**TASK DESCRIPTION:**
All of the data goes into your copy exactly as written. Images do not.

**DATA BELOW:**
┌──
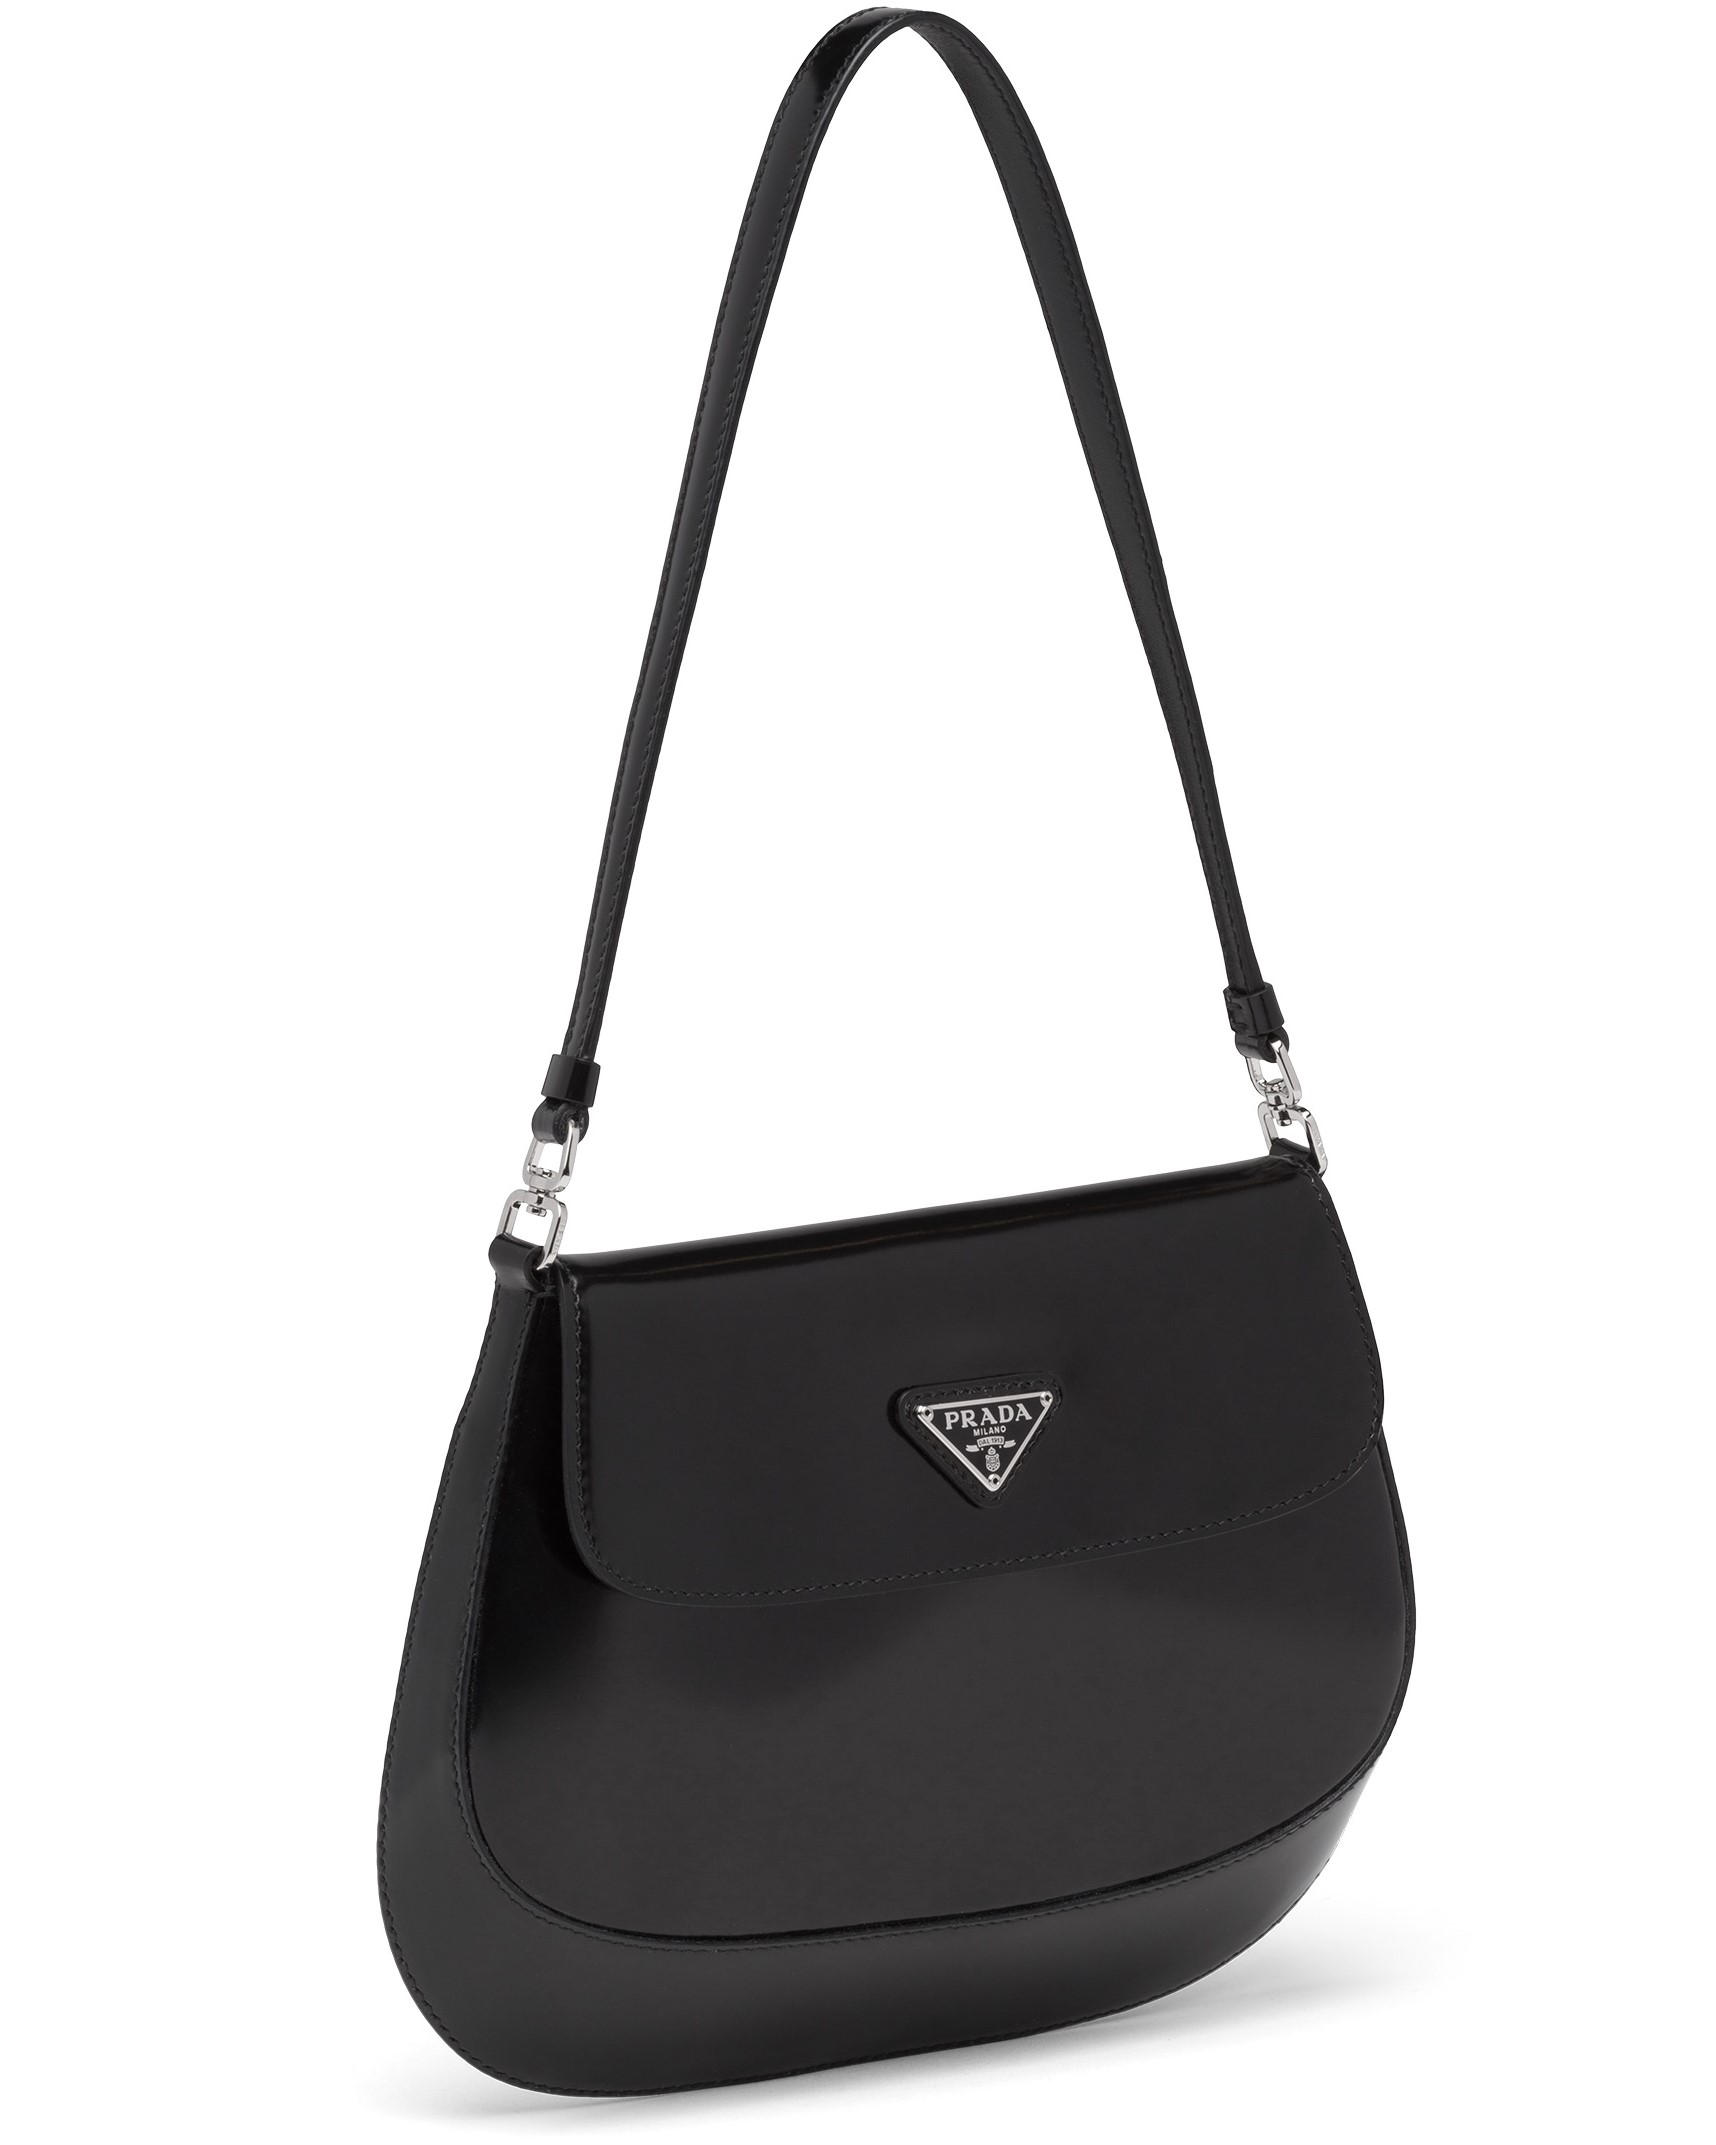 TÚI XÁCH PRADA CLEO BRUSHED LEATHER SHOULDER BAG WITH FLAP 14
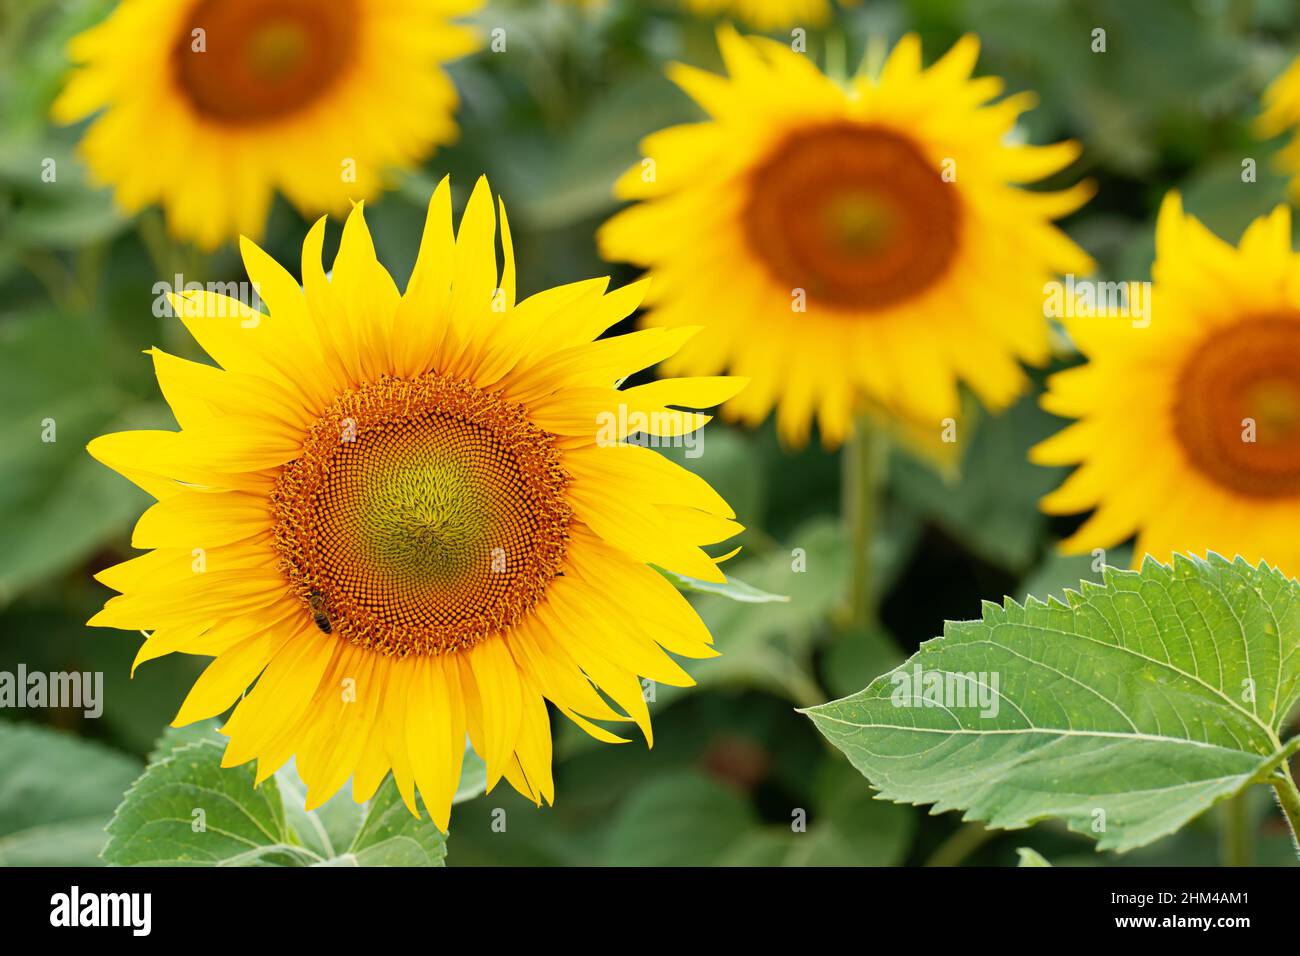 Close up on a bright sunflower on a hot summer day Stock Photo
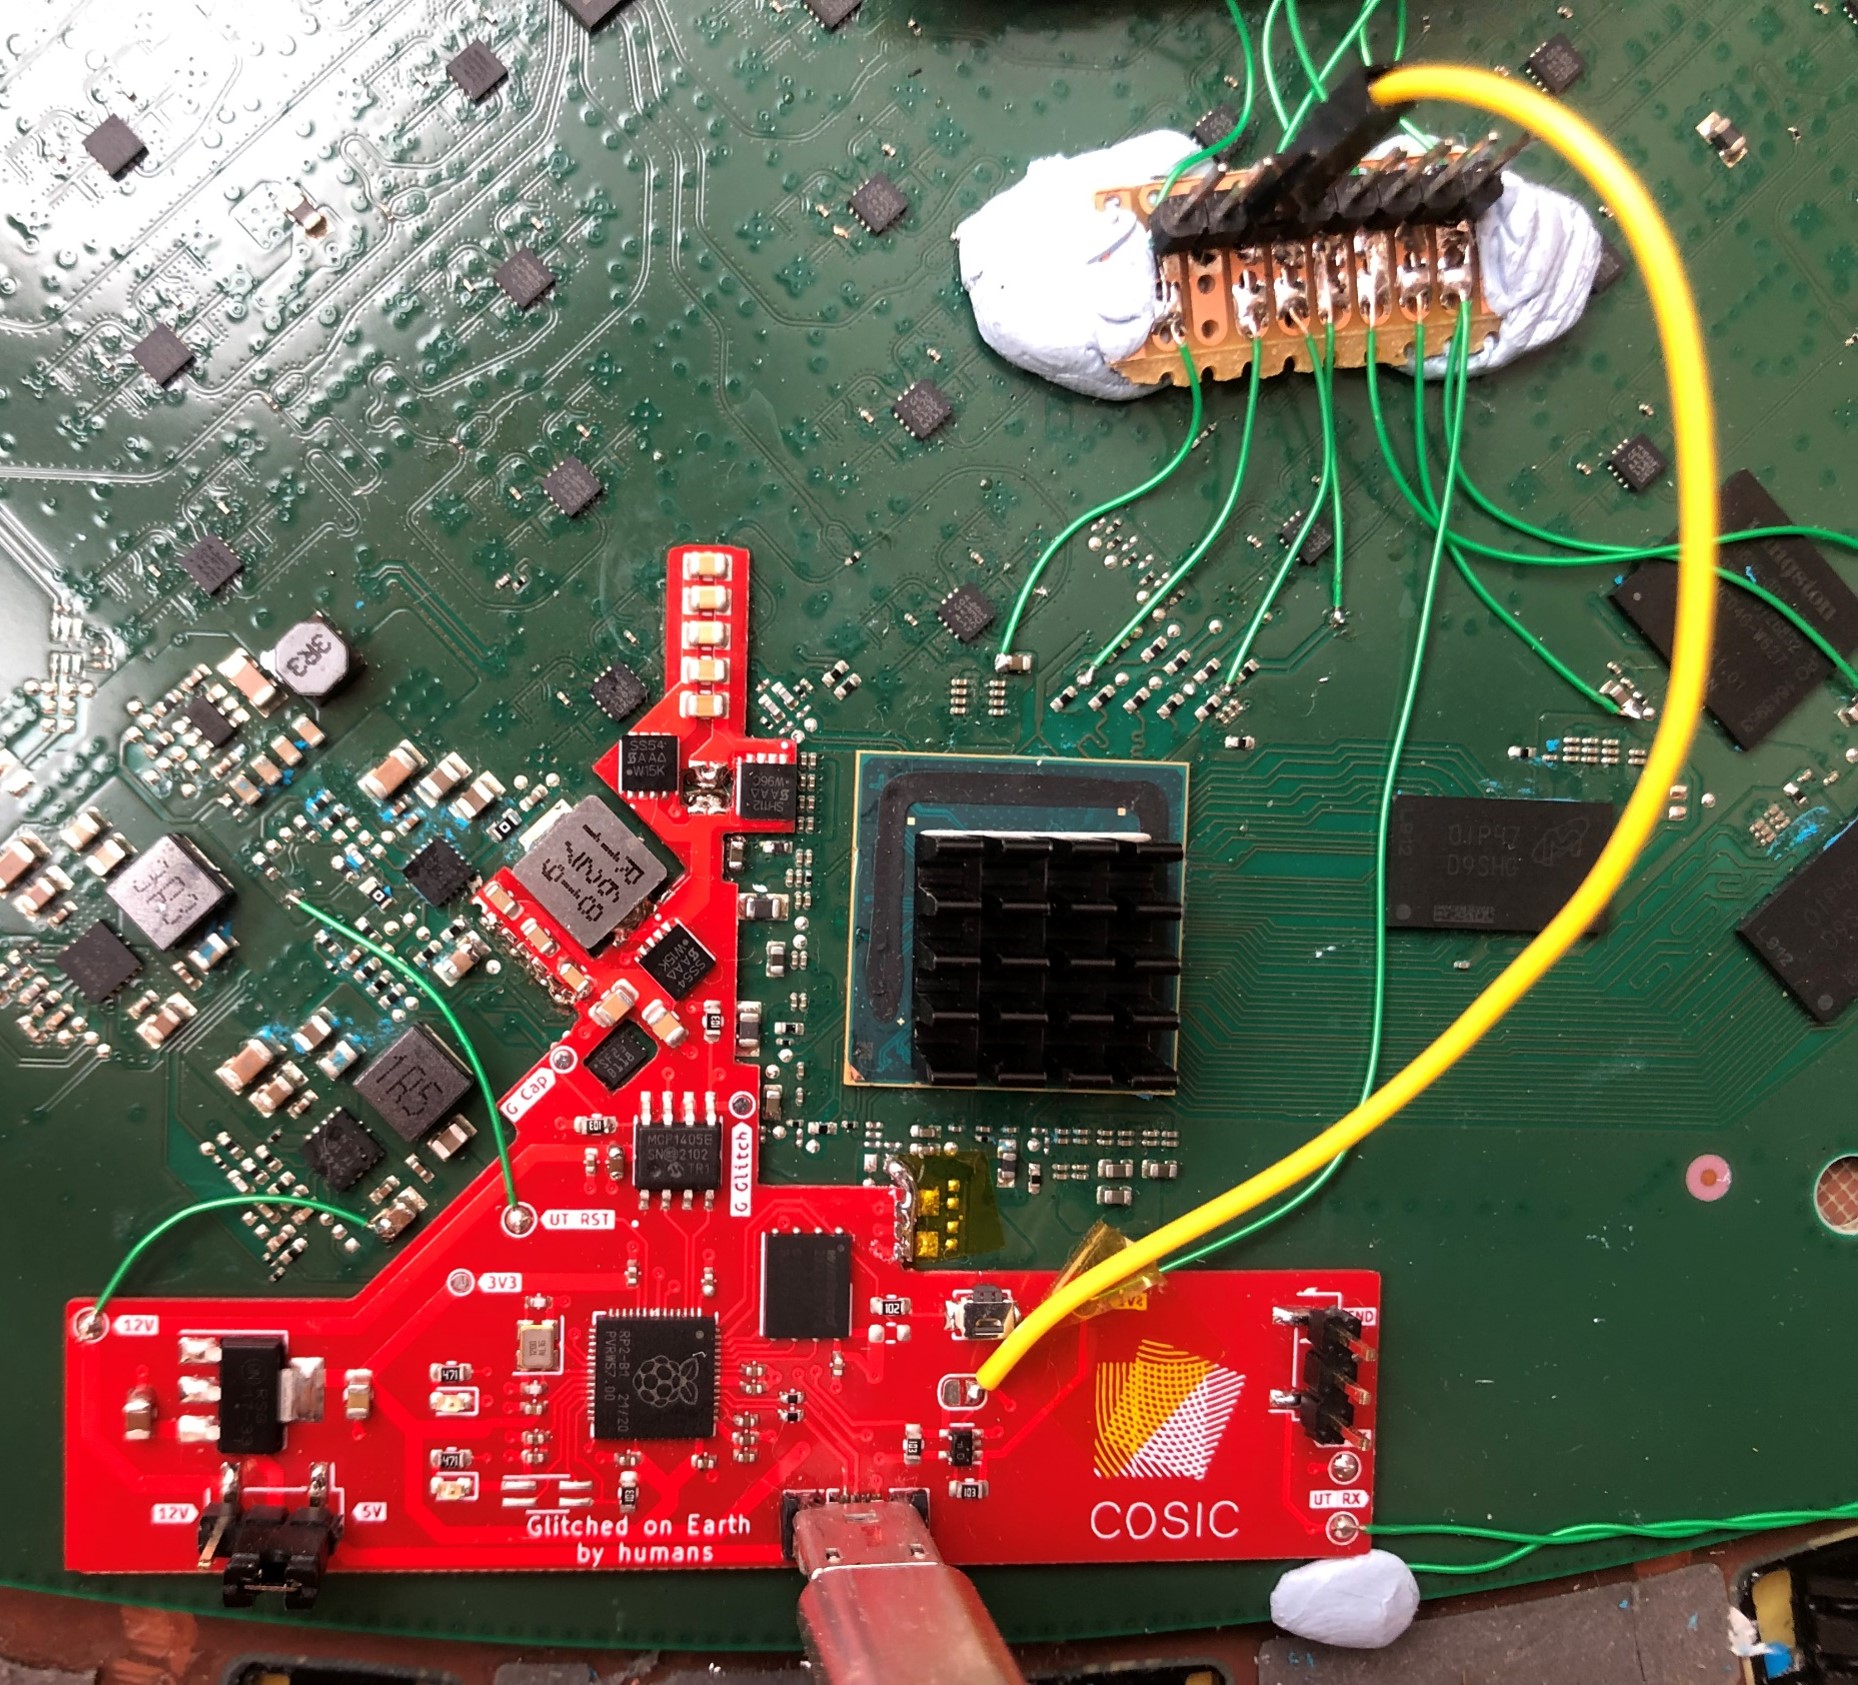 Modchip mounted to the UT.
└──
**EXERCISE SOLUTION:**
 TÚI XÁCH PRADA CLEO BRUSHED LEATHER SHOULDER BAG WITH FLAP 14
 Close up on a bright sunflower on a hot summer day Stock Photo
 Modchip mounted to the UT.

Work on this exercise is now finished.